As part of the proteomic analysis, we also had an abundance data set, giving us the levels of 3700 proteins in the WT vs. KO hearts, and here’s where things got interesting… only 2 proteins were up, and one of them was glyoxylase I (GLO-1). We confirmed this both by western blot and by doing GLO-1 activity assays, and the effect was real.
So, what’s GLO-1? (it’s also worth noting we ignored this finding for several months because the protein was listed as “lactoylglutathione lyase” in the data set, and we didn’t know what the hell that was all about, so…) Anyway, GLO-1 is a key enzyme involved in the detoxification of methylglyoxal (MGO), which is a toxic byproduct of glycolysis. Excess glucose metabolism such as occurs in hyperglycemia and diabetes, leads to more MGO, which can react with various biomolecules to form “advanced glycation end products” (AGEs). These post-translational modifications essentially gum up protein fucntion, and this is what’s believed to drive a lot of the pathology of diabetes. When a diabetic patient gets tested for glycated hemoglobin (aka “HbA1C” or simply A1C), that’s the MGO adducted form of hemoglobin, used to indicate long term trends in blood glucose. We also did a bunch of metabolomics analysis, to show that glycolysis is up in the ALKBH7 knockouts.
So, what does any of this have to do with cardiac ischemia-reperfusion (IR) injury, the main thing that we study? Well, the main mode of cell death in IR injury is necrosis, and remember ALKBH7 is required for necrosis. So, sure enough, we were able to show that the Alkbh7-/- mouse is protected against cardiac IR injury. We also made an inhibitor for ALKBH7 and showed that it is protective too. AND we showed that blocking the GLO-1 enzyme prevents the protection in the Alkbh7-/- mice. So, GLO-1 is required for the cardioprotection.

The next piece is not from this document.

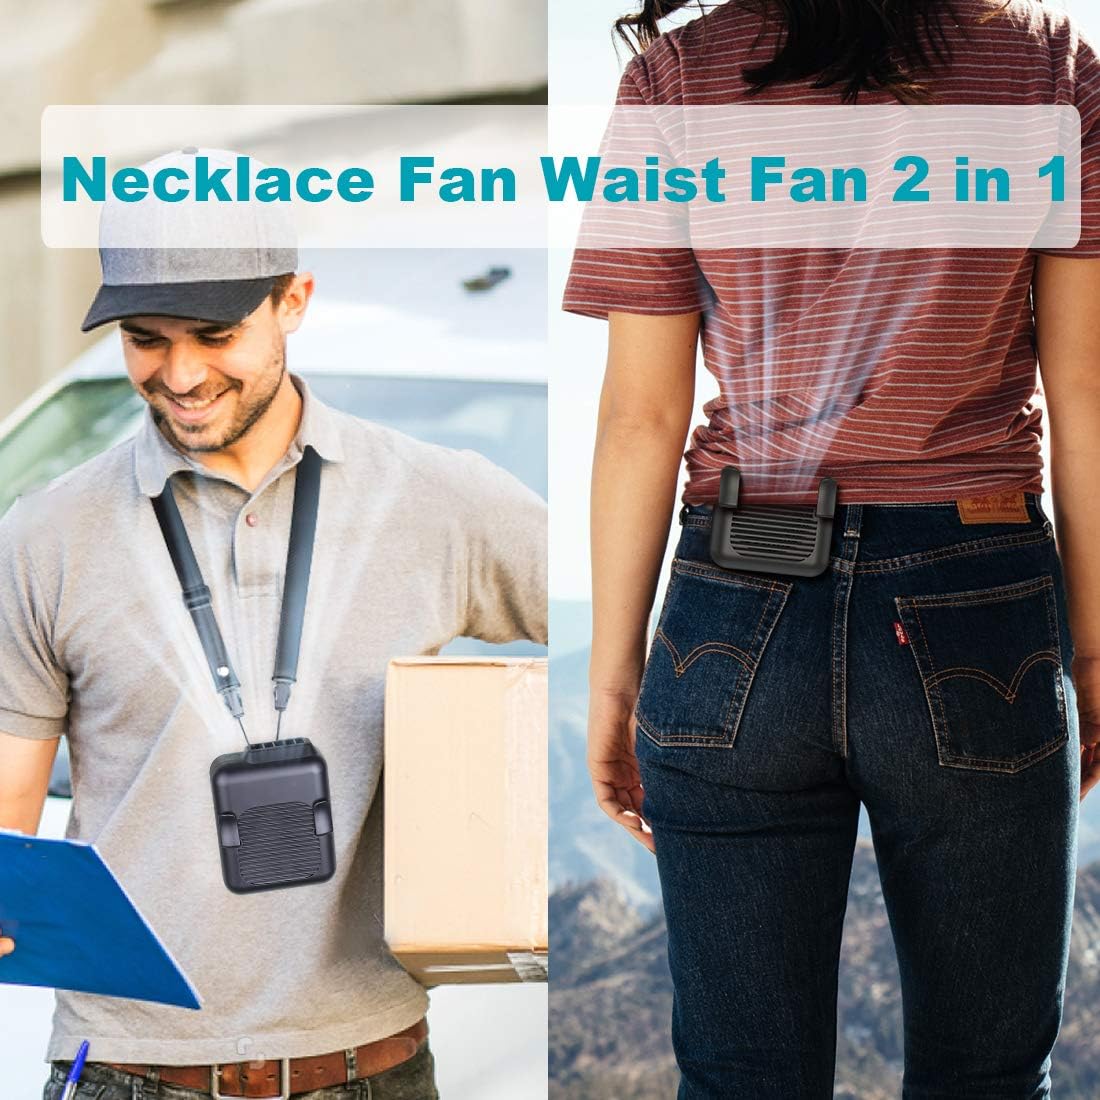 SLENPET Portable Waist Clip Fan, 6000mAh Battery Operated Necklace Fan, 23 Hours Working Time, 3 Speeds, 5100RPM Strong Airflow Hands-free Belt Fan for Outdoor Works, Farm, Hiking, Camping, Travel

For most who study mitochondria and cardiac IR injury or protection, the mitochondrial permeability transition (PT) pore is the go-to target when we find an effect. But, we measured PT pore opening in Alkbh7-/- and it just wasn’t very impressive. Sure, there was a small change, but nowhere near enough to protect the heart from IR injury. So we struck out again. We also had recently shown that the induction of the mitochondrial unfolded protein response (UPRmt) was capable of inducing protection, but again no differences seen in the UPRmt in Alkbh7-/- mice. More negative data!

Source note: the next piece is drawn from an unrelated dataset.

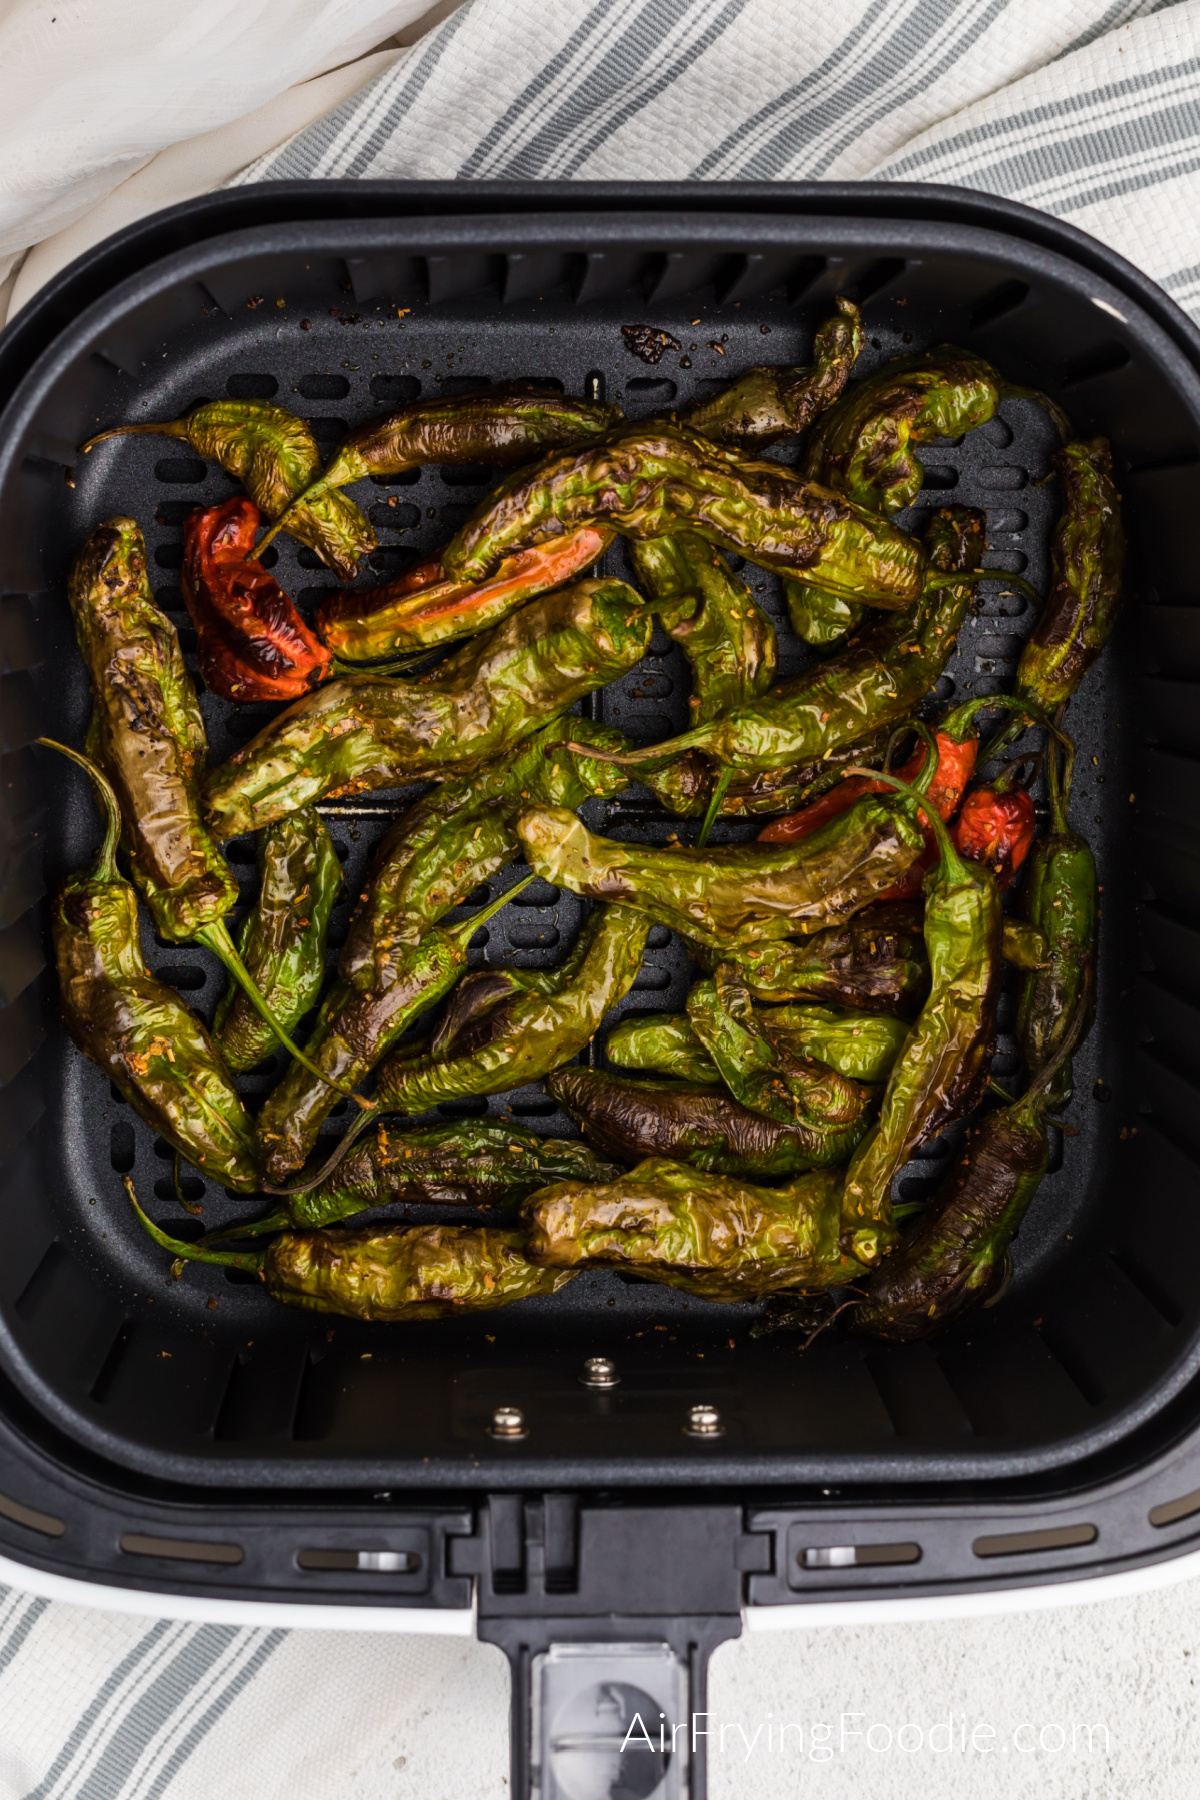 Air fried shishito peppers in the basket of the air fryer.

So, the upshot of all this is that we STILL don’t really understand how ALKBH7 is required for necrosis in heart attack. When you knock out ALKBH7, there’s an upregulation of GLO-1 and a rewiring of all the bits of metabolism that make MGO, and that appears to be required for the protection. But exactly how this protein in the mitochondrion signals to MGO production in the cytosol (where glycolysis is), is still not well understood.
Of course, the final writing and revision of the paper took place during the whole #Covid19 lock down and gradual reopening process, which essentially killed our ability to take a deeper dive and really close out the story. At the end of the day, it’s hard to study an enzyme for which there is no known activity and no known substrate! We’re still working in this area, and hope to be able to address some of these unknowns soon (for example by developing a screening assay for potential ALKBH7 substrates).

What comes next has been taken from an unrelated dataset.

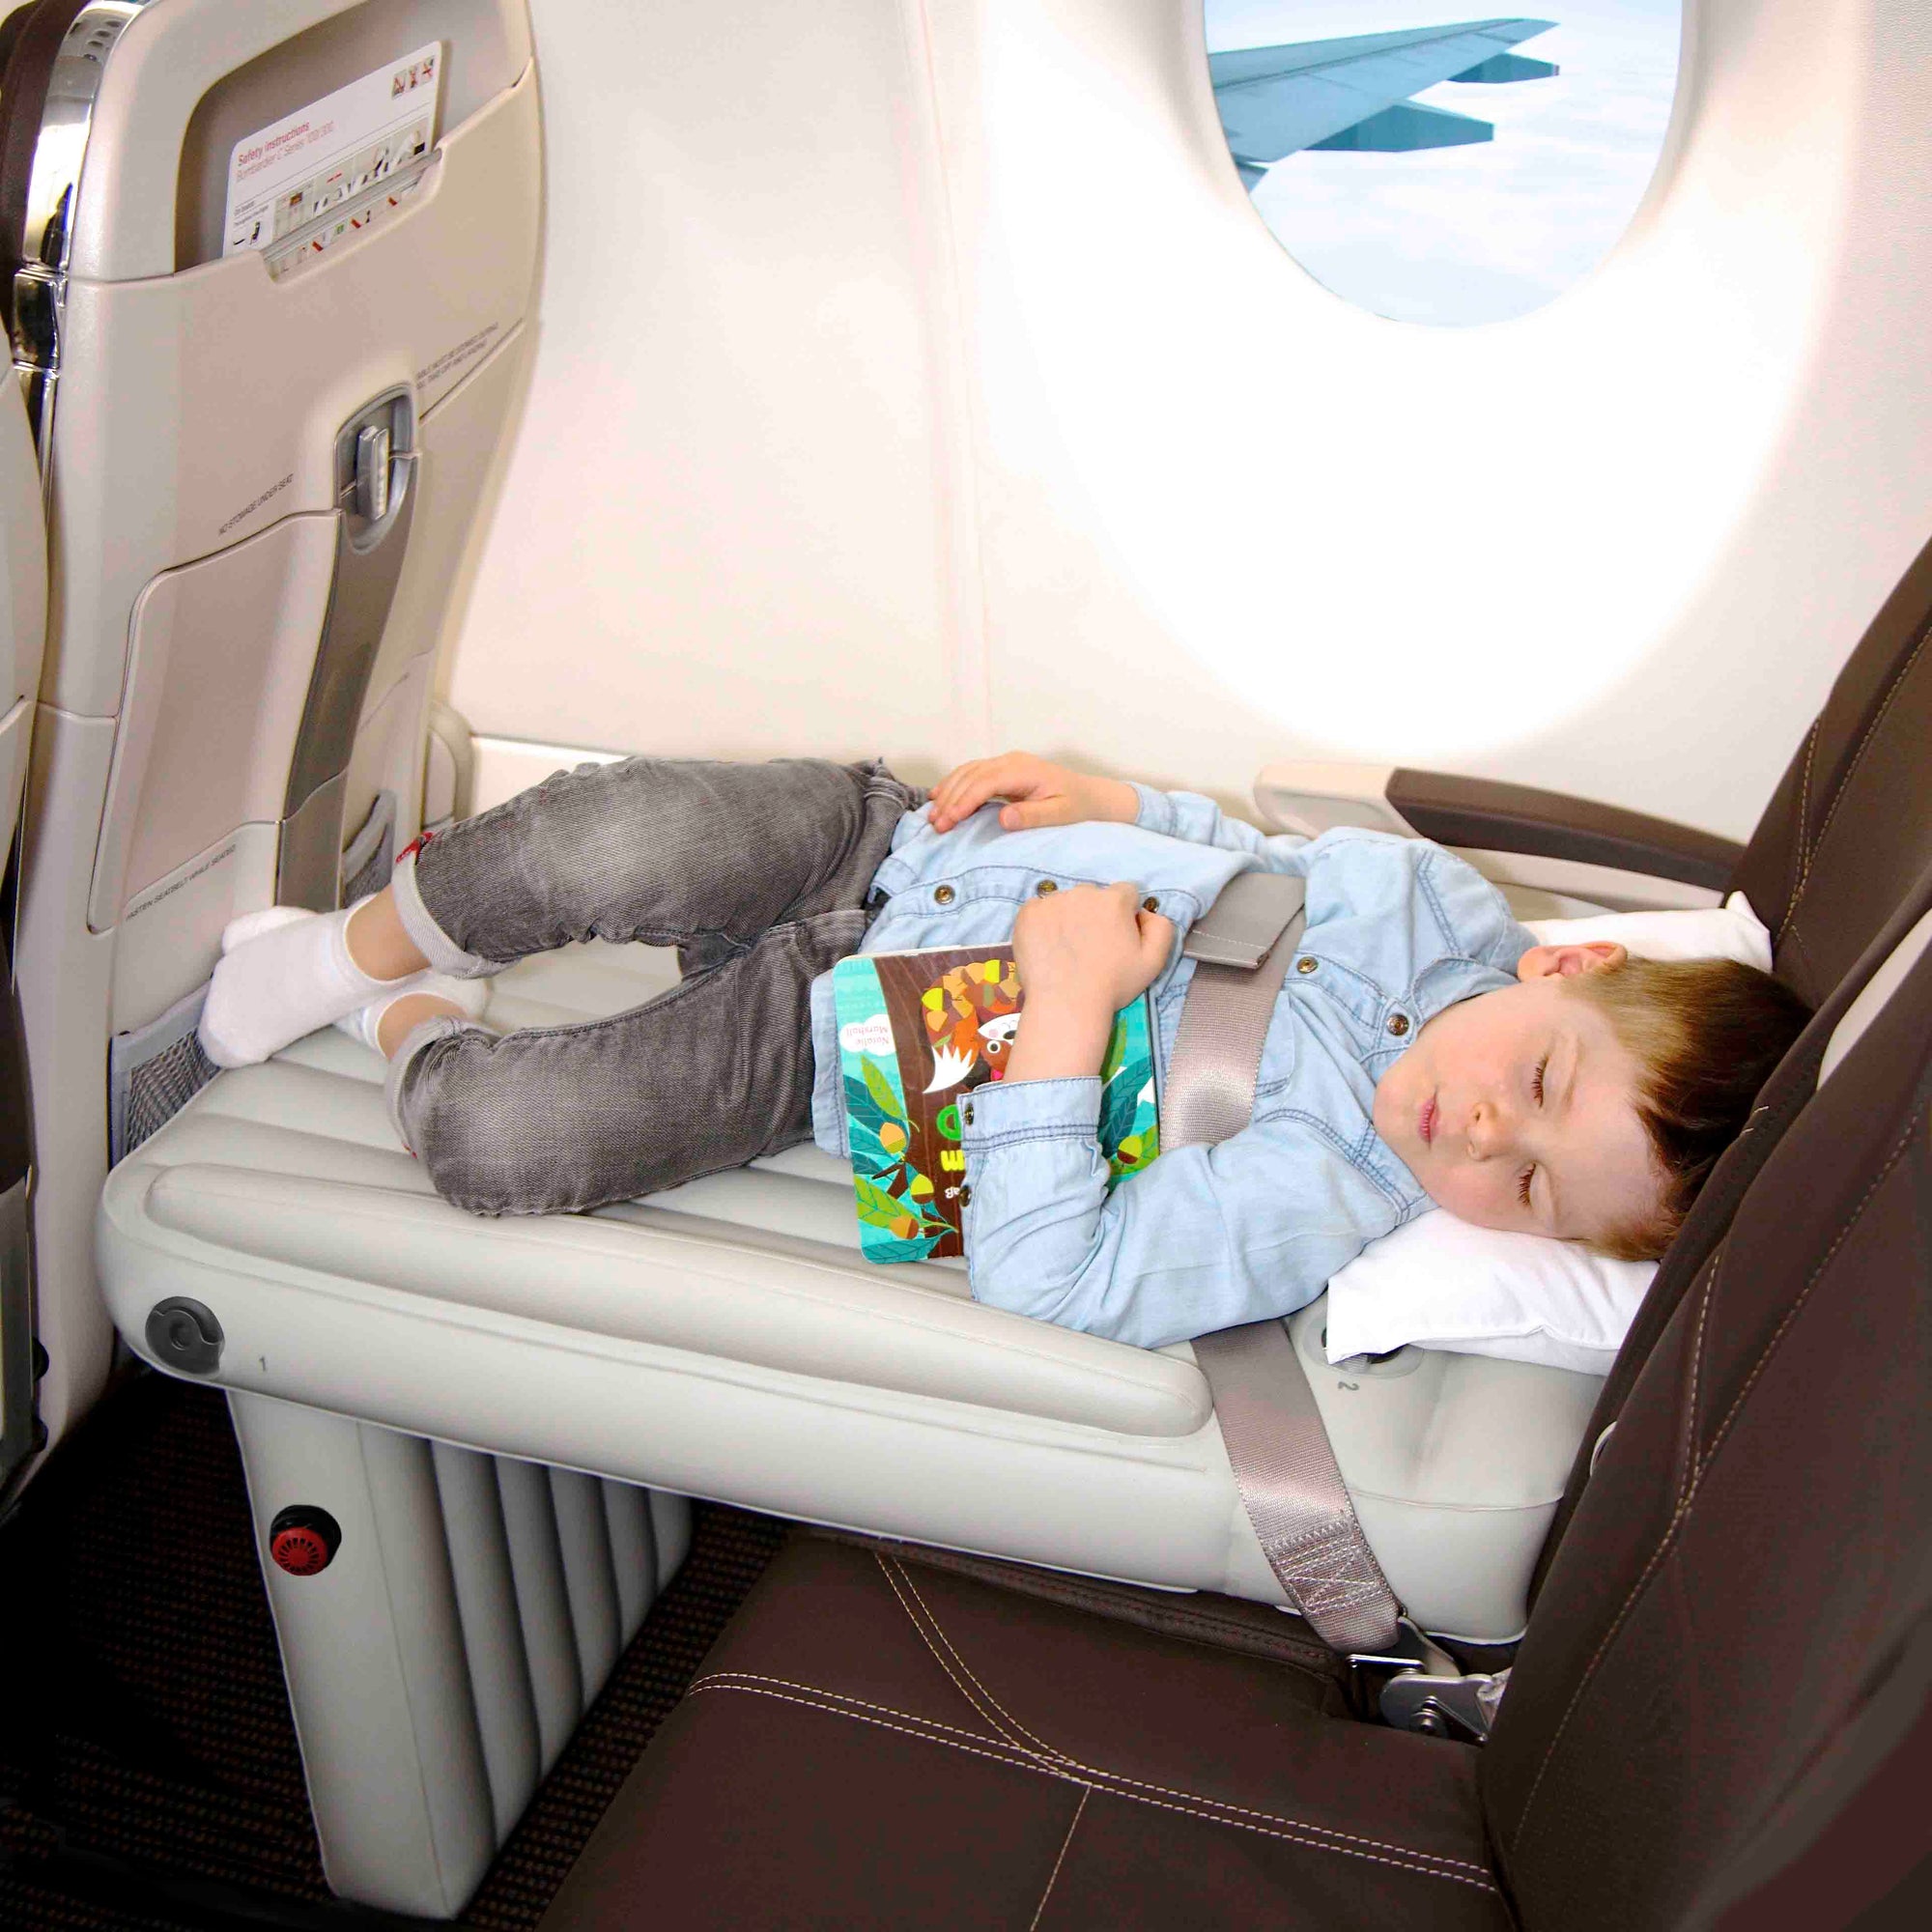 Airplane Footrest,Travel Toddler Bed,Portable Toddler Bed for

In sum, this started out as a collaboration with a biology colleague, took in a multi-omics approach (proteomics, metabolomics, PTM proteomics) and a bunch of other methods (the paper has >60 panels of data), and frankly most of what we found was negative. It’s frustrating, but that’s sometimes how science works. The good thing is we learned a bunch of interesting stuff along the way, and that brings us closer to understanding cardiac metabolism and how it can be manipulated for therapeutic benefit in situations such as IR.
As is usual for us now, the paper was posted as a preprint on @BioRxiv, and we also posted full data sets (humongous proteomics files) on FigShare.